For workloads with high concurrency and long sequences, consider using vLLM-based generic model profiles for optimal performance.

The following table identifies the impacted model profiles by configuration and ID:

Profile Name	ID
tensorrt_llm-b200-bf16-2-latency	`7b2460a744467de931be74543f3b1be6a4540edd8f5d3523c31aca253d3ee714`
tensorrt_llm-gb200-bf16-2-latency	`3b86e1c4eafac6dd59612ed5cea6878177867773d567fcc0e0127ad5b2b1221b`
tensorrt_llm-gh200_144gb-bf16-2-latency	`542edd6068b3fee7bb9431ba988f167dfc9f6e5b6dbf005b2e208d42bd17d705`
tensorrt_llm-gh200_480gb-bf16-1-latency	`f41c136a67469ae0bda89f96d78cb8c2b9c01c27d0ac618112248025320817c3`
tensorrt_llm-h100_nvl-bf16-2-latency	`a91cc87e8e98c7e88967319c273392e447fab72dd22aa8231630b573284525b2`
tensorrt_llm-h100-bf16-2-latency	`2f69689bf8fef4118bb018bb07869fc2d4b6eb3185115b2117ad62150f5d0006`
tensorrt_llm-h200_nvl-bf16-2-latency	`dbb457d9b5a45d0a6976c0ba1a8ee6072deb8fe64c49a12e47ba9c71863618d2`
tensorrt_llm-h200-bf16-2-latency	`158a13eff79873eb73689daf87c365fa06946f74856646e54edc69728ef59a8e`
tensorrt_llm-b200-fp8-2-latency	`1c67491281ac66f32ca917bc566808bf4657ad20dec137f2b40c78d95b3a40dd`
tensorrt_llm-gb200-fp8-2-latency	`cfca3a90be399e2fc6b91dfe19aa141fe7db0ad114df365cf43d77c675711049`
tensorrt_llm-gh200_144gb-fp8-2-latency	`052a14156d375521d64c584a0197a00ab3c54ae742b55145f1df091072656de7`
tensorrt_llm-h100_nvl-fp8-2-latency	`5e8a78e4d0c9e2e513466ec23ac181ae8d75ce05bda5c4653eddf8f3a99f2d58`
tensorrt_llm-h200-fp8-2-latency	`5a708fe91514e2aa44438158af955b35d51fab4ca1fb7268e35930e67fce6e08`
tensorrt_llm-l40s-fp8-2-latency	`f282d4039fc42e3ab8a69854daf1a3a9e0fdce7974d06c3924969e3196e4ac08`

Llama 3.1 Nemotron Safety Guard 8B NIM is based on NVIDIA NIM for LLMs v1.14.0. The following known issues are common to all containers built from NIM for LLMs v1.14.0.

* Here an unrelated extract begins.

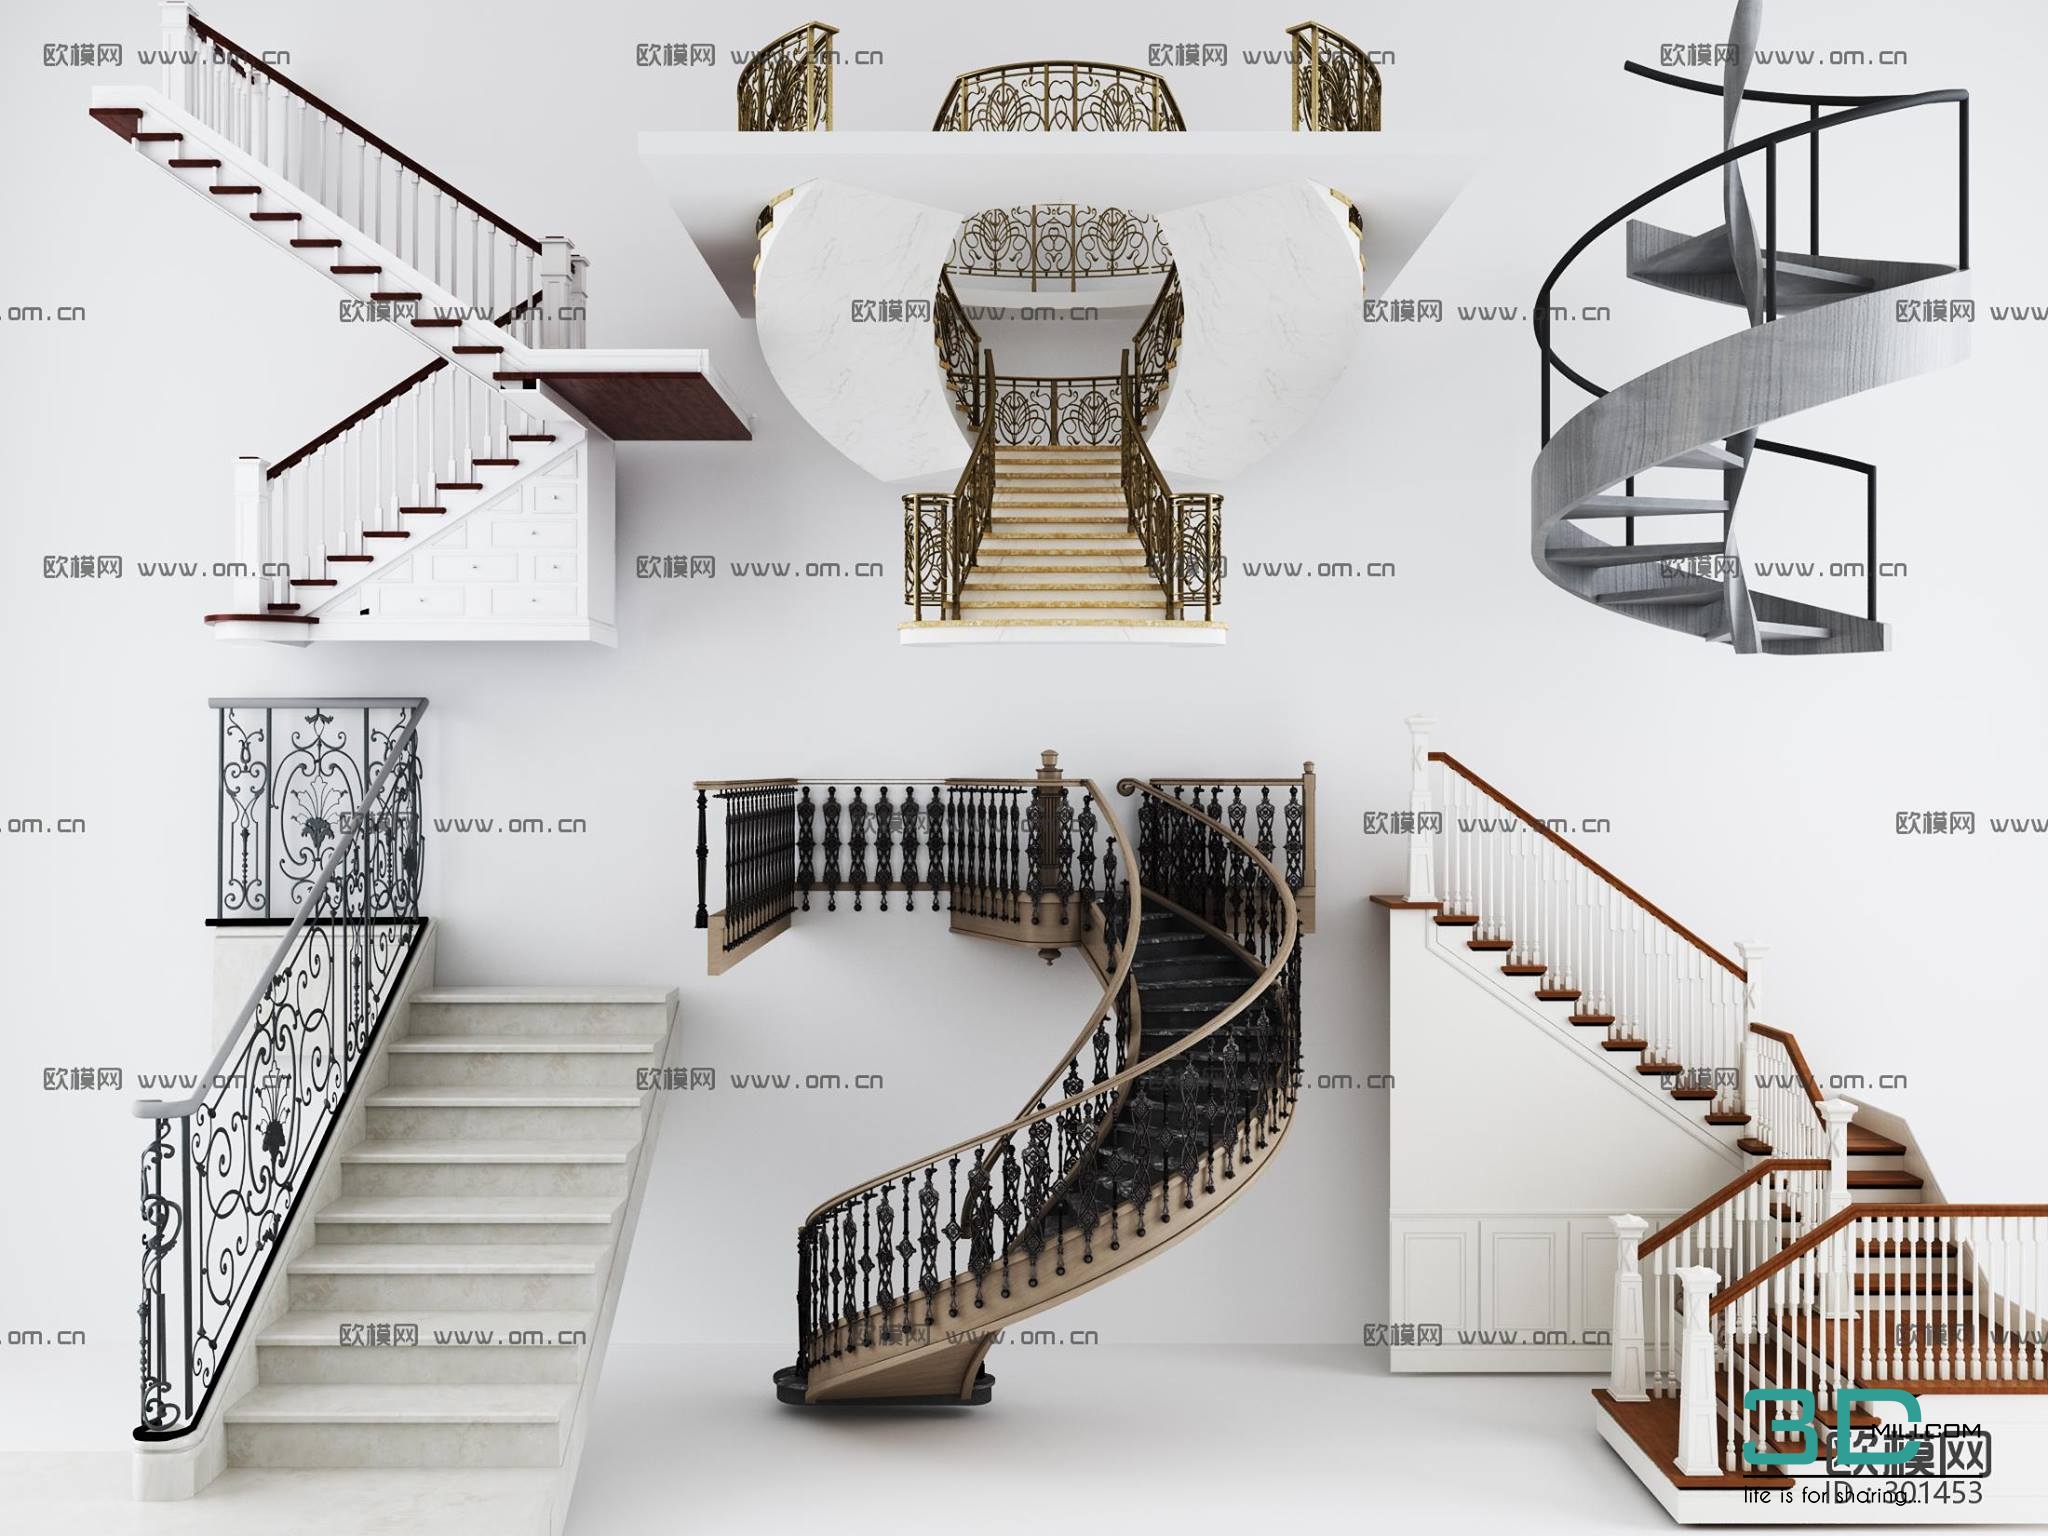 67 Staircase 3d Model Free Download 3dmili 2020 Download 3d

With the TensorRT-LLM engine, setting temperature=0 enforces greedy decoding and makes the repetition_penalty argument ineffective.
When calling the /v1/metadata API, the following fields under modelInfo are missing:
- repository_override
- selectedModelProfileId
If you set NIM_GUIDED_DECODING_BACKEND to lm-format-enforcer or a custom backend, you must disable KV cache by setting NIM_ENABLE_KV_CACHE_REUSE=0. Otherwise, an incorrect backend name is treated as a custom backend.